Хлеб могильщиков
Вокруг не было сторожей. Ближайший дом находился в двухстах метрах отсюда, возле автострады.
То, что я затеял, было дьявольски рискованно, но выбора у меня не было. Если я не вытащу тело Кастэна, эксгумация докажет мою вину, так как поместить его в гроб мог только я.
Подумать только, в этой местности за год бывает больше сотни умерших естественной смертью, а меня угораздило наткнуться на единственного подозрительного. Не перст ли это судьбы? Одно убийство влечет за собой другое...
Я вернулся в город. В лавке на окраине я купил зубило, молоток, цементную замазку и большую отвертку.
Затем я вернулся в гостиницу. Там я крепко подзакусил и попрощался с управляющим, сообщив, что возвращаюсь в Париж. На самом деле я скрылся в глухом уголке за городом, ожидая наступления ночи.

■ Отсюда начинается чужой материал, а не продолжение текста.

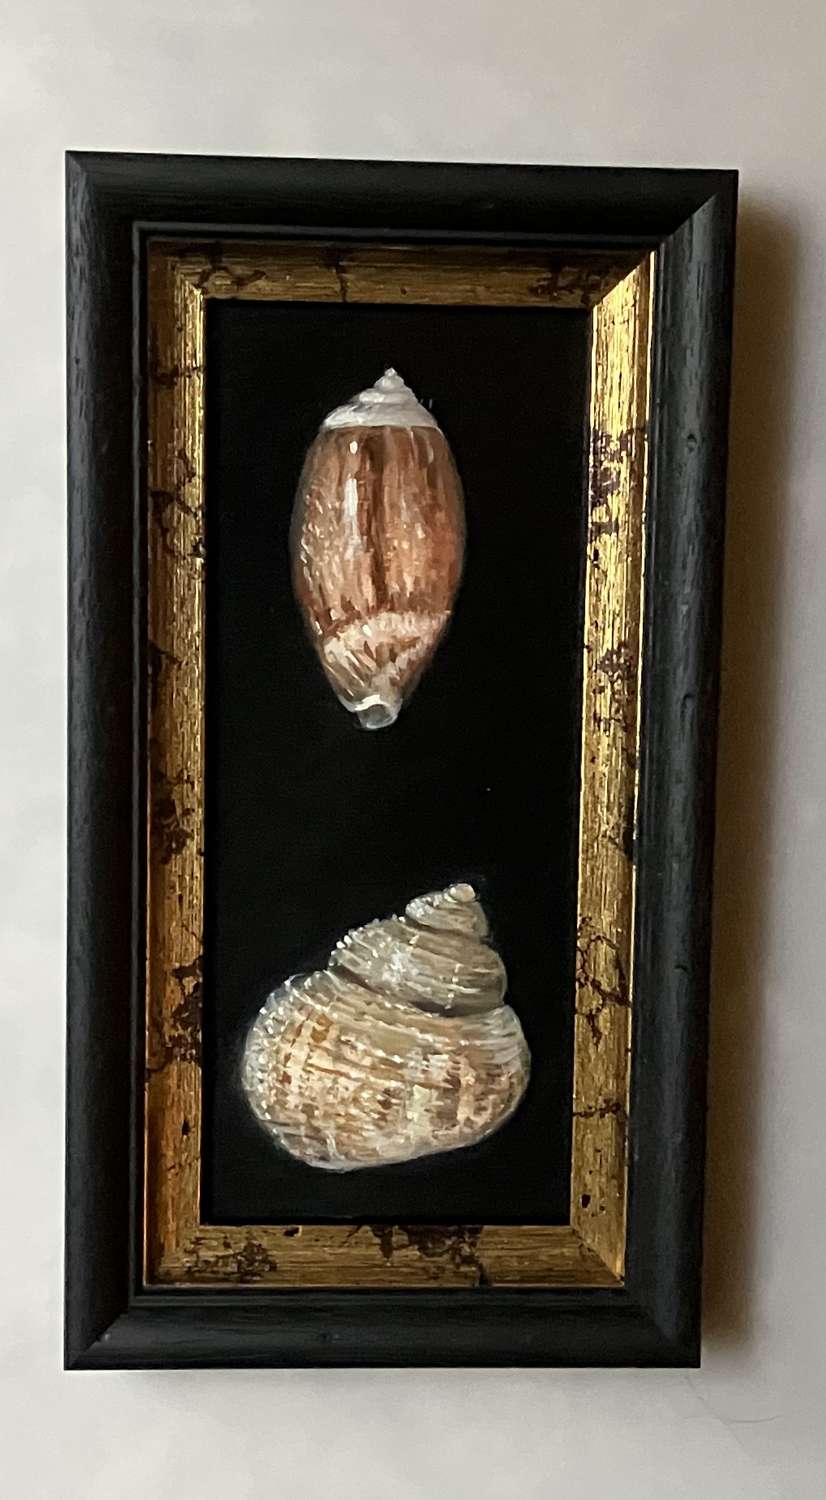 2 shells
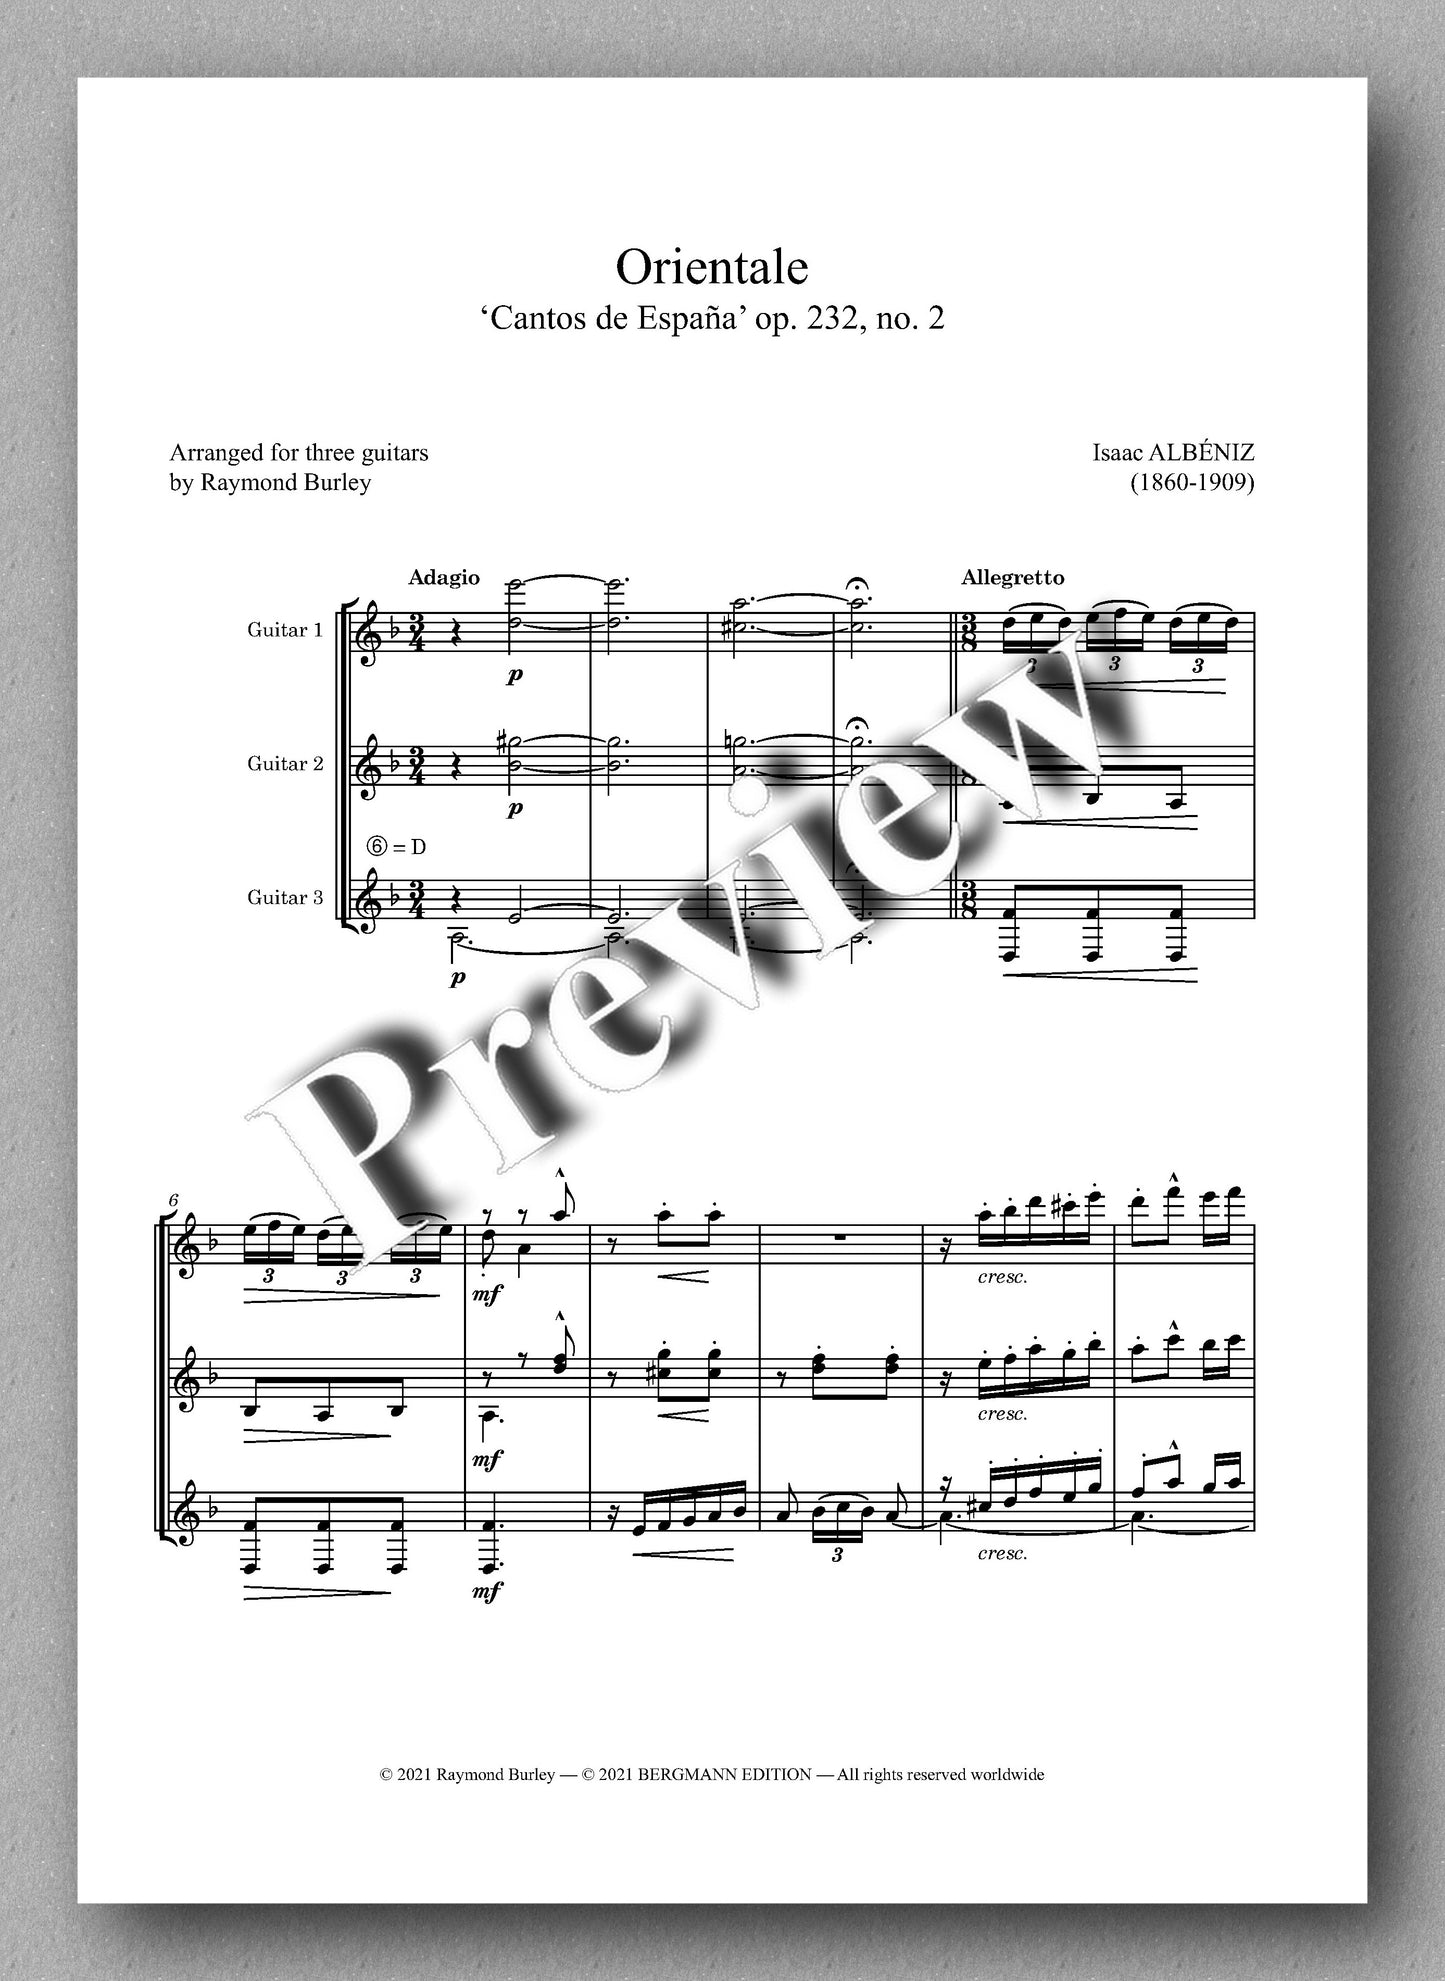 Albéniz-Burley, Orientale - music score 1

* * *Работая у Кастэна, я привык к мертвецам, но сердце мое билось сильнее обычного, когда в девять часов вечера я перелезал через ограду.
По счастью, если можно так выразиться, семейный склеп Креманов находился на другом краю кладбища, то есть далеко от дороги, возле пустыря. Я быстро добрался до него.
В темноте склеп выделялся белым пятном. Чтобы не дрогнуть в этой давящей душу обстановке, да еще и взяться за ту работу, что я надумал выполнить, надо было иметь крепкие нервы.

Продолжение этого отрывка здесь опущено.